Display Abstract

Title Multiscale modeling of glioma spread

Name Christina Surulescu
Country Germany
Email surulescu@mathematik.uni-kl.de
Co-Author(s) Christian Engwer, Markus Knappitsch, Thomas Hillen
Submit Time 2014-02-17 02:54:30
Session
Special Session 8: Emergence and dynamics of patterns in nonlinear partial differential equations from mathematical science
Contents
Tumor cell invasion is an essential stage in the development of cancer. Tumor cells migrate through the surrounding tissue (normal cells, extracellular matrix, interstitial fluid) towards blood or lymph vessels which they penetrate and thus access the blood flow.

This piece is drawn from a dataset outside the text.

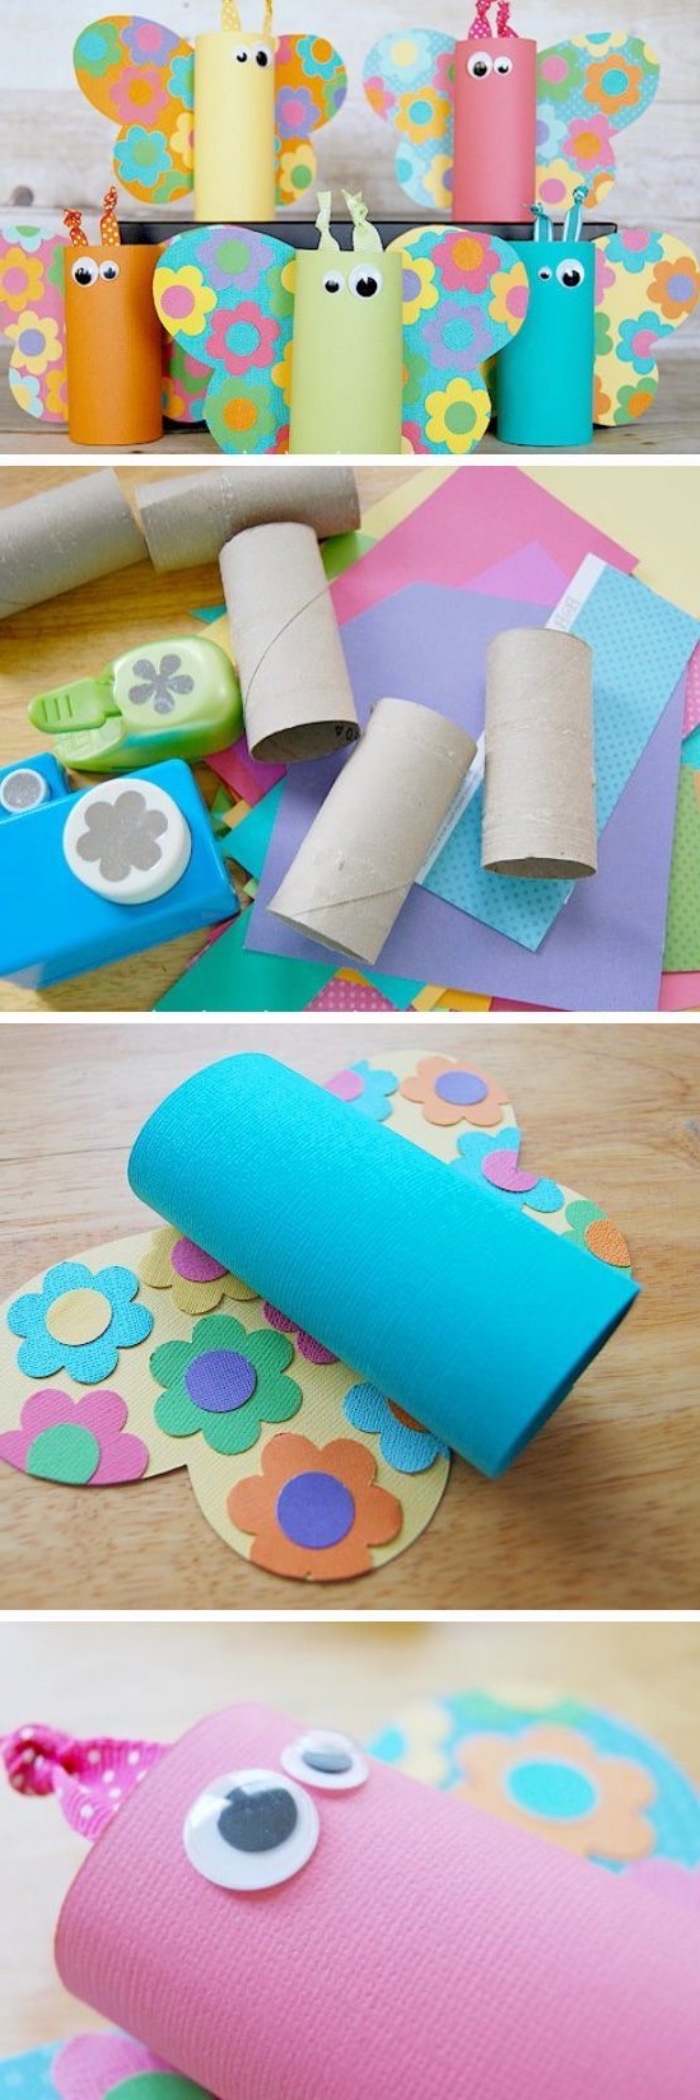 manualidades con tubos de cartón reciclados, divertidas propuestas de manualidades sencillas para niñosy adultos

They are carried by blood circulation to distant locations where they extravasate and develop new tumours, a phenomenon known as metastasis. The invasive spread of cancer cells is highly complex, as it is influenced by various dynamics ranging from the subcellular level (microscale) through the mesoscopic level of individual cells and up to the macroscale of a cell population, the latter involving processes like diff usion, chemotaxis or haptotaxis, separately or in a conjugate way. The mathematical modeling of these features leads to multiscale settings interconnecting two or all three of these scales and allowing to assess the e ffects of subcellular events on the behavior of an entire cell population. We present a class of multiscale models characterizing glioma invasion in white brain matter. Gliomas are rarely curable brain tumors arising from abnormal glial cells in the brain. In particular, the most agressive type, glioblastoma multiforme, has a poor prognosis with a median survival rate less than one year. Complex therapy approaches including surgical resection of neoplastic tissue, radio- and chemotherapy can still not ensure a complete healing of the patient and are part of ongoing research. Currently, Diffusion Tensor Imaging (DTI) is the preferred radiological method in glioma prognosis, which also allows to infer the white matter fibre structure of the brain in a noninvasive way. Kinetic transport equations provide an appropriate framework to include such patient specific DTI data into a micro-meso model for glioma growth.